Owing to the continuation of differences between the states, their diplomatic conflict will develop further. A manifestation of this process is the fact that Bahrain, Sudan, and the United Arab Emirates also severed diplomatic relations with Iran (Alsultan and Saeid 82). Furthermore, the civil war in Syria and Yemen will likely worsen. Among other diplomatic consequences, there may be the inability of the peace process in Syria. Fortunately, the emergence of a direct conflict has a minor possibility. Saudi Arabia can adhere to the power scenario only if it would have more options to transport oil. In this case, the possible outcome of the diplomatic conflict continuation in the Middle East will be the rise in oil prices and the downturn in the global economy (Alsultan and Saeid 85). Currently, the diplomatic relations between Saudi Arabia and Iran is a serious and urgent problem of world society. Therefore, the history of diplomatic relations between these regions has a wide range of complex reasons and consequences.
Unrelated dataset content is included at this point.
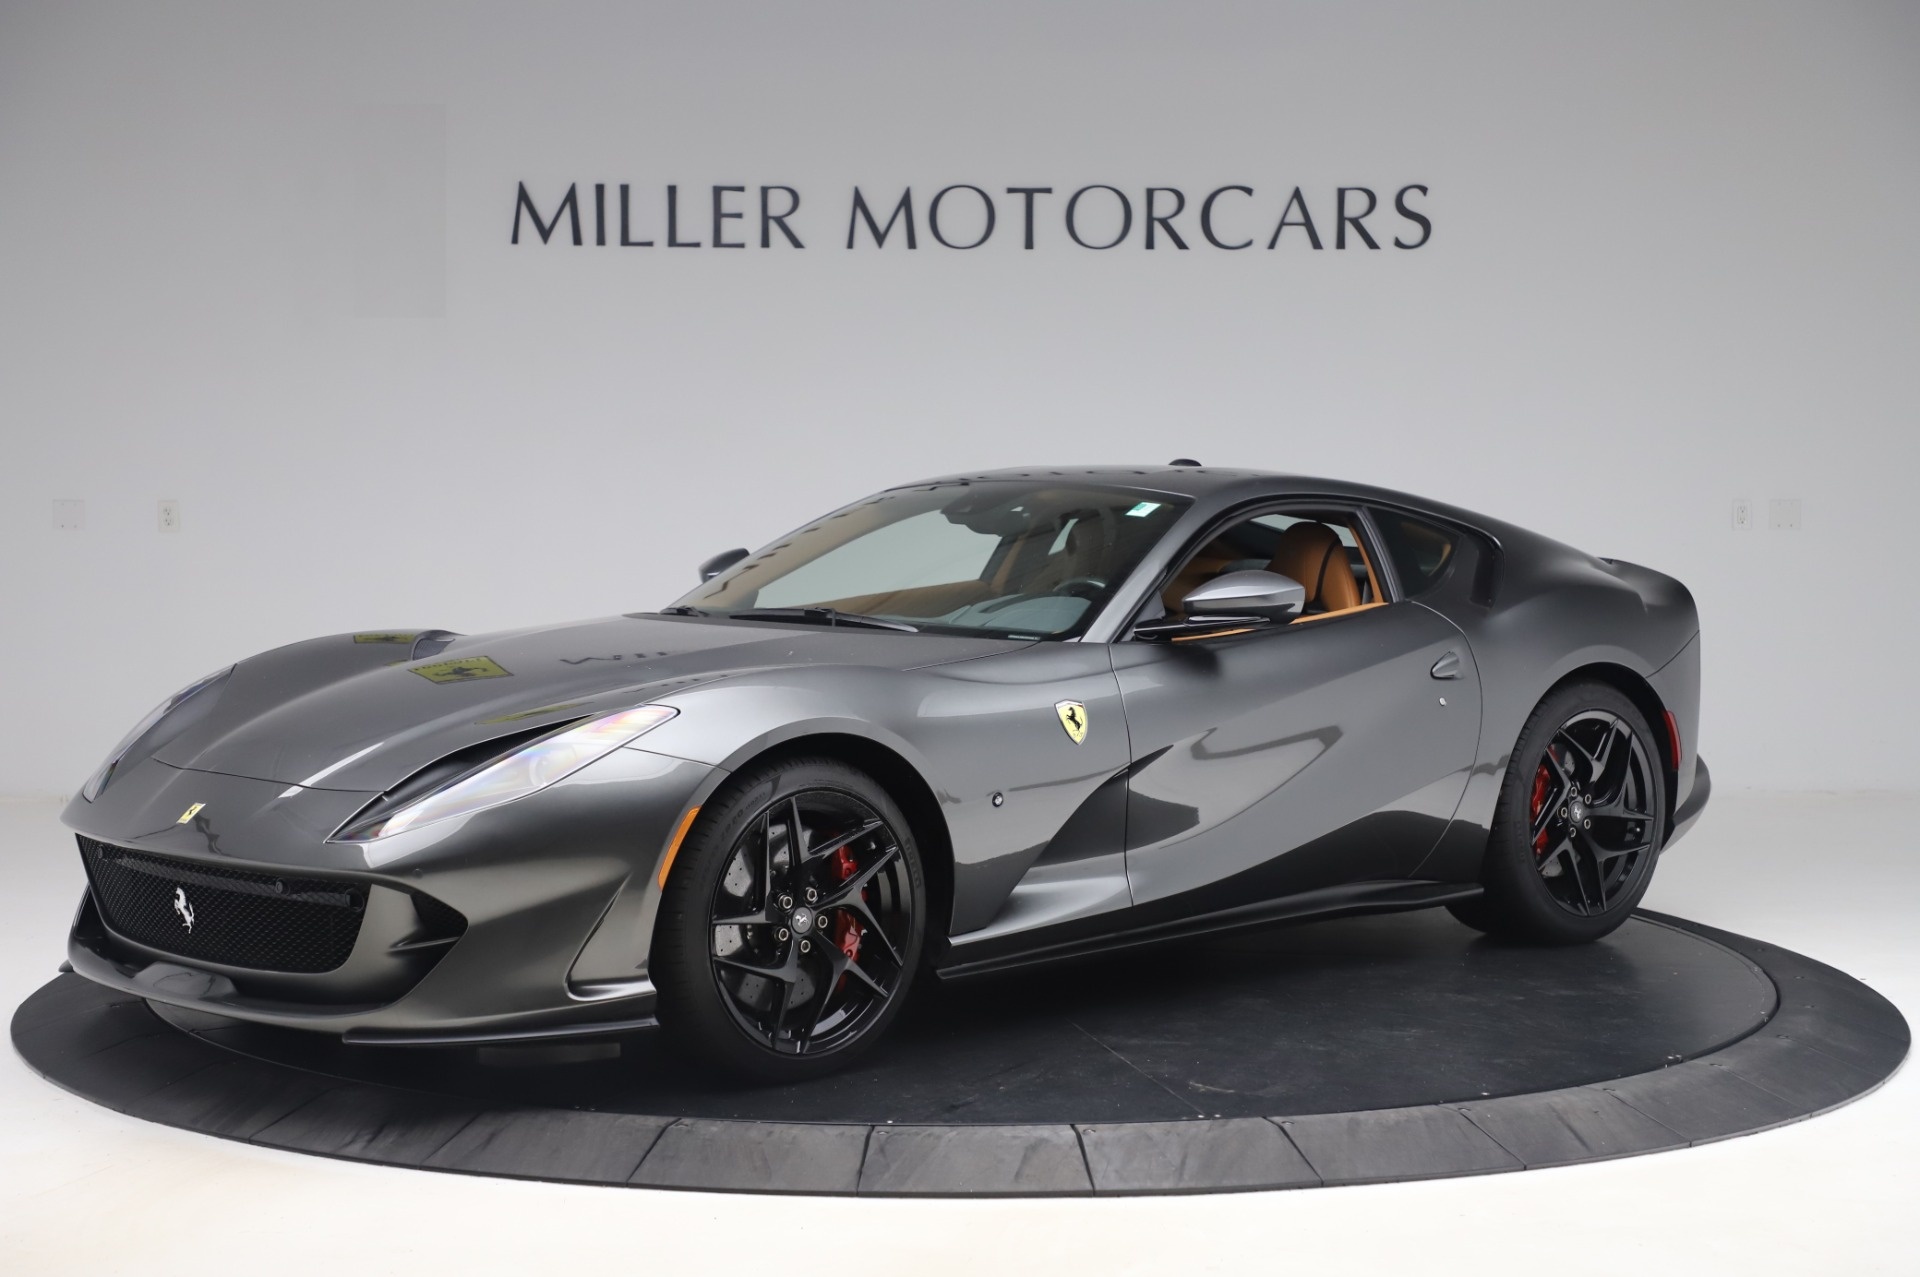 Ferrari 812 Superfast, Pre-owned model, Immaculate condition, Exclusive opportunity, 1920x1280 HD Desktop
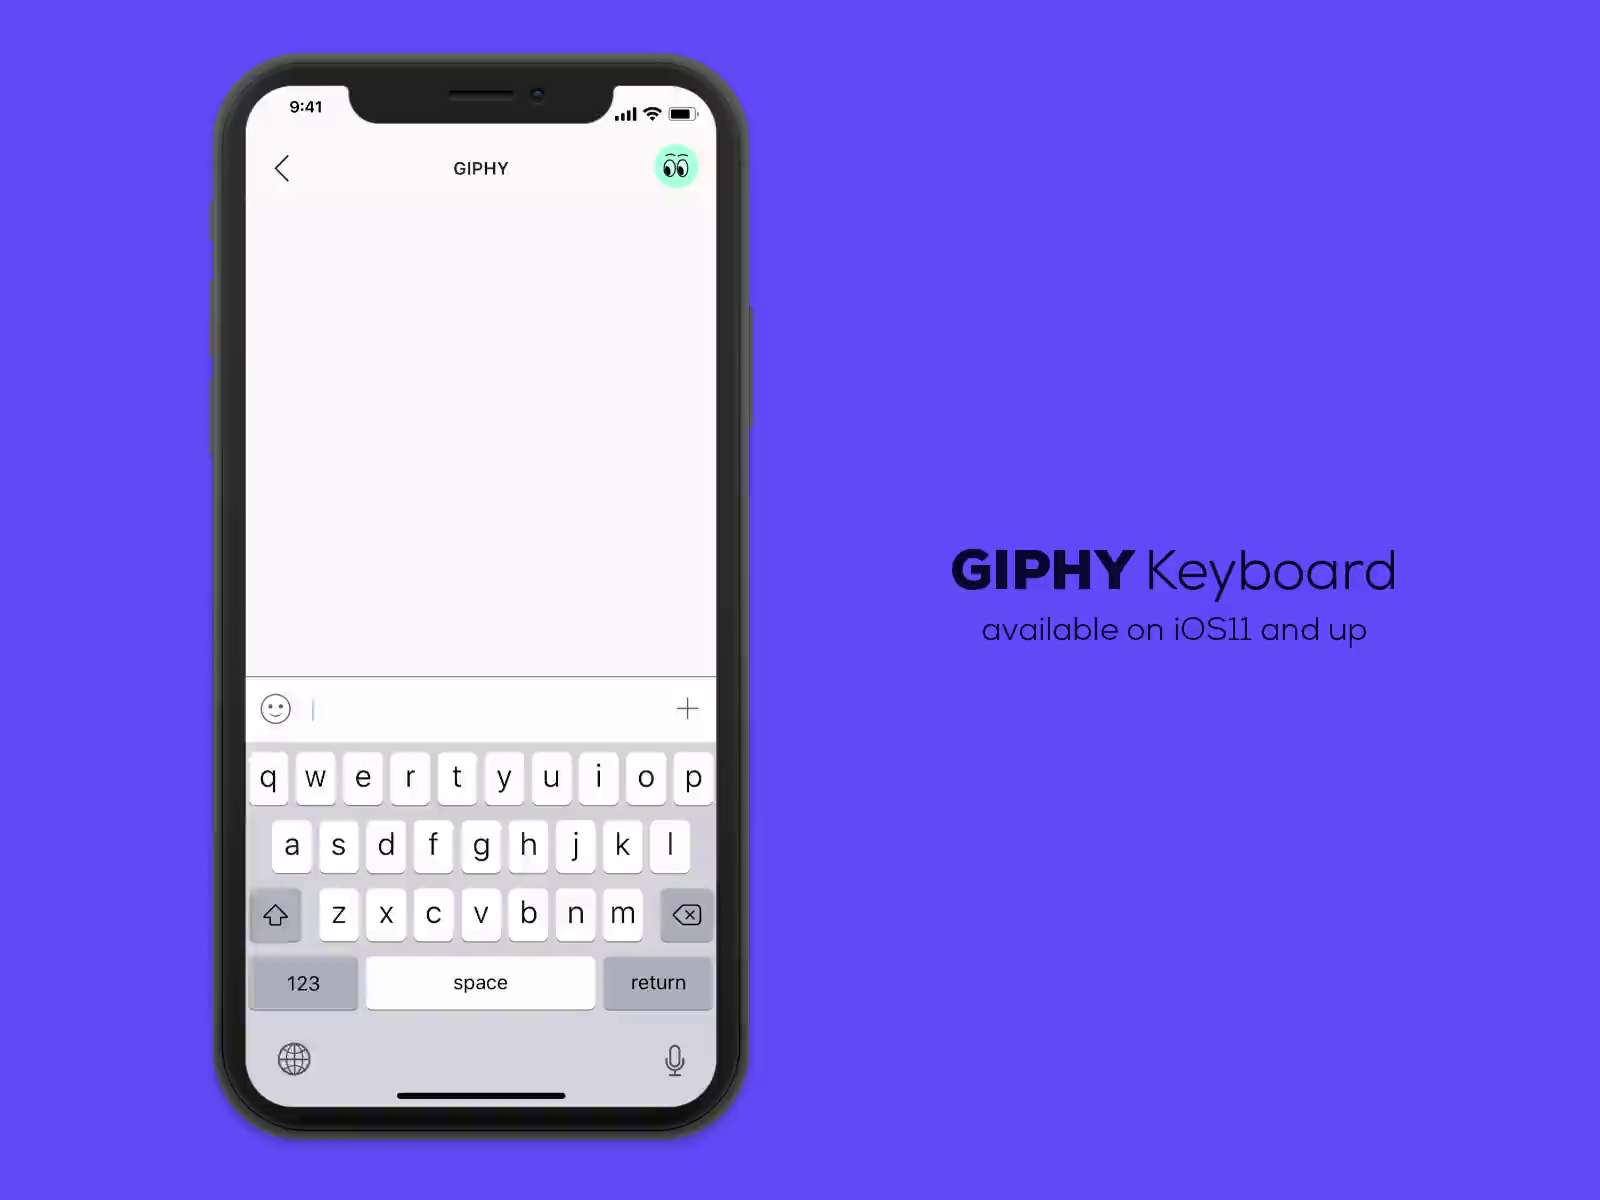 GIF Keyboard by Zack Kantor for GIPHY on Dribbble

The history of diplomatic relations between two major Middle Eastern countries is characterized by geopolitical, religious, and ideological rivalries. First, Saudi Arabia negatively perceives the regime of the Islamic Republic in Iran, which was established in 1979. Second, the diplomatic relations trigger a conflict between the two states with both striving for the domination of political elites in Iraq, Yemen, Syria, and Lebanon. Therefore, Iran and Saudi Arabia are in a state of proxy war, and they have military clashes in other countries supporting different sides of the conflict. Third, sectarian Sunni-Shiite conflict complicates the relations between the two countries. These contradictions are in the center of conflict interest. Moreover, Iran and Saudi Arabia have mutual distrust. The countries are afraid of growing diplomatic, military, and political forces because the position on the world oil market and in the region is the most important element of their prosperity. These factors have started to evolve from the beginning of their diplomatic relations history and became the basis of their further rivalry and confrontation. The situation between the two countries became very tense after Saudi Arabia has broken its diplomatic relations with Iran in 2016. Thus, the current situation is the most serious and acute in the history of their diplomatic relations. Consequently, the history of diplomatic ties between Iran and Saudi Arabia has many different reasons and implications.